At eight-thirty Patricia asked the clerk to direct her to where she could find the trail party she was to accompany. Outside the white sunlight dazzled her. Again the cold, pure, pine-scented air affected her like wine. It was only a short walk to the corral which was her destination.
Patricia espied two parties, one on each side of the corral. The more distant one, consisting of ten or twelve men and women, all mounted on sturdy mules, seemed about ready to start. They presented a ludicrous appearance.

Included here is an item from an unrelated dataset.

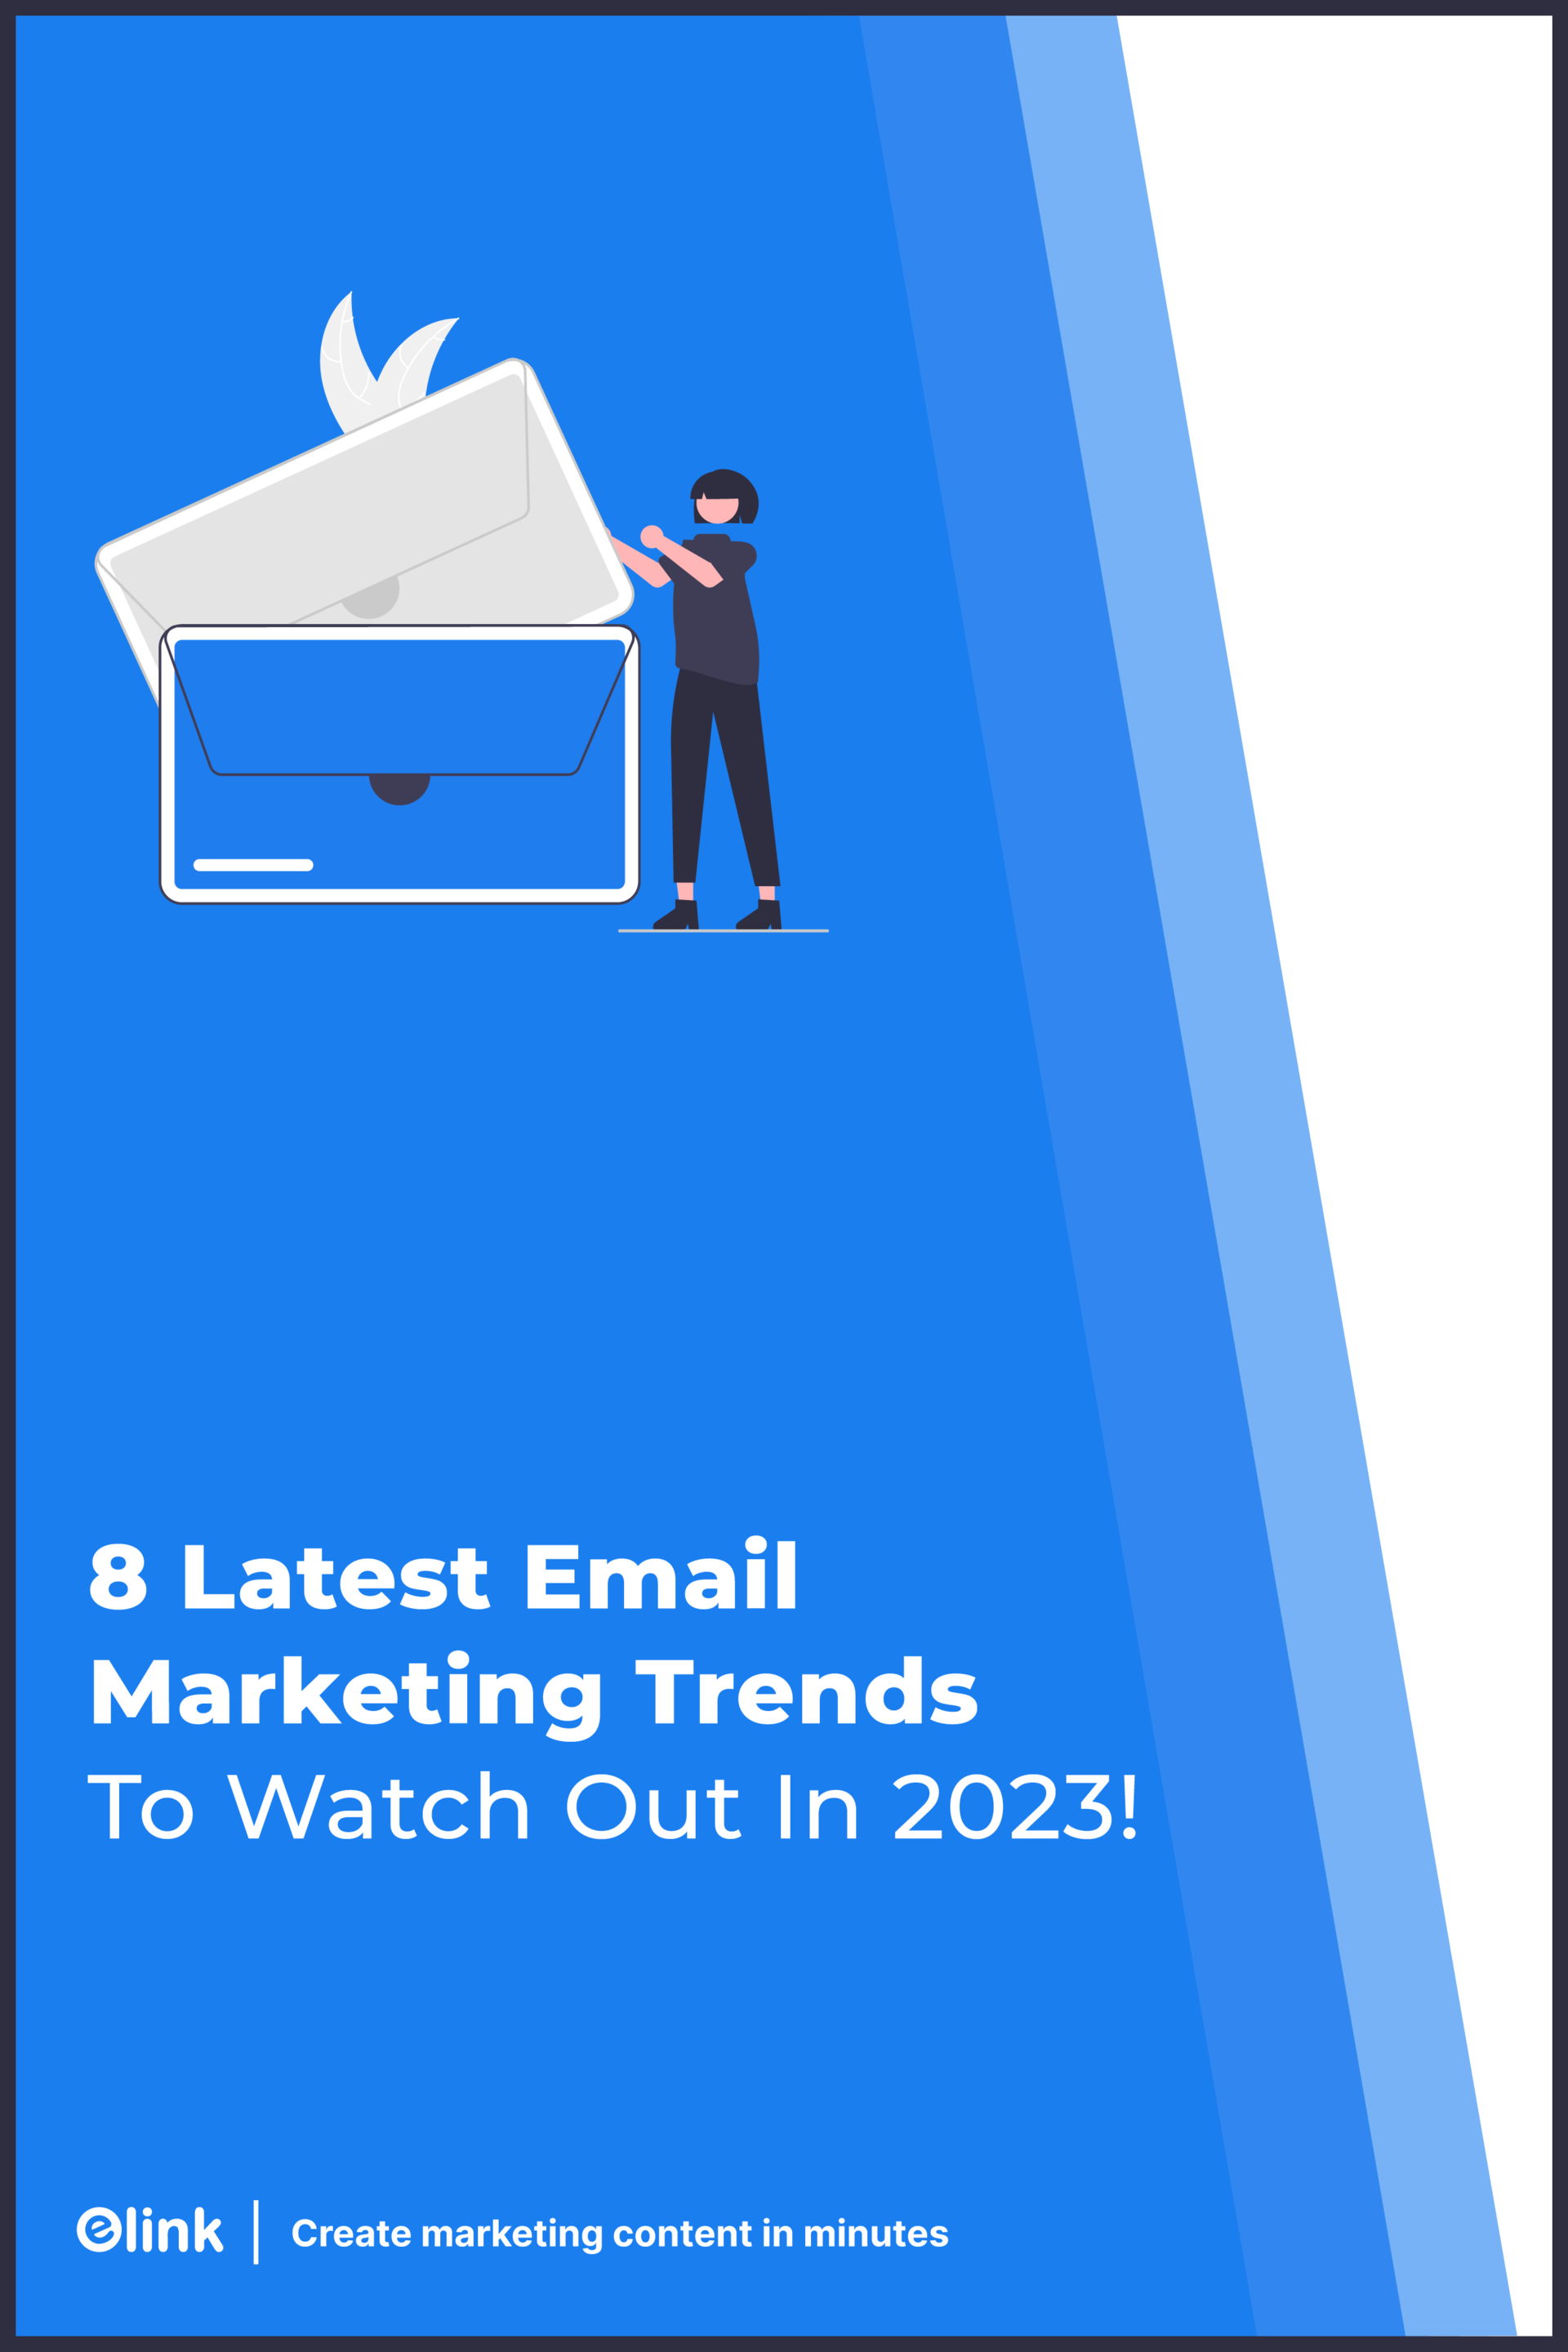 Banner de pinterest de tendencias de marketing por correo electrónico

The riders were little and big, fat and lean, all garbed in a motley assortment of riding clothes.
Approaching the corral, Patricia, instead of entering the gate, went up to the fence and looked over the top bar at the second group of tourists. A few were already mounted, and they looked excited, self-conscious, and warm. Then she espied Sue, wearing flannel shirt, red scarf, fringed gauntlets, chaps, boots, and spurs—all of which had the look and the set of long service.
Sue stood beside her aunt, who sat, looking completely helpless, on a mule. A bowlegged cowboy, also in chaps, was endeavoring to shorten or lengthen the stirrups. A spirited argument was in progress. It was interrupted by the advent of another cowboy, a tall, slim, keen-faced young fellow, well-muscled, lean-cheeked, and square-jawed, with eyes of sleepy blue. He sauntered over, his big spurs jingling, and pushed a huge sombrero onto the back of his head.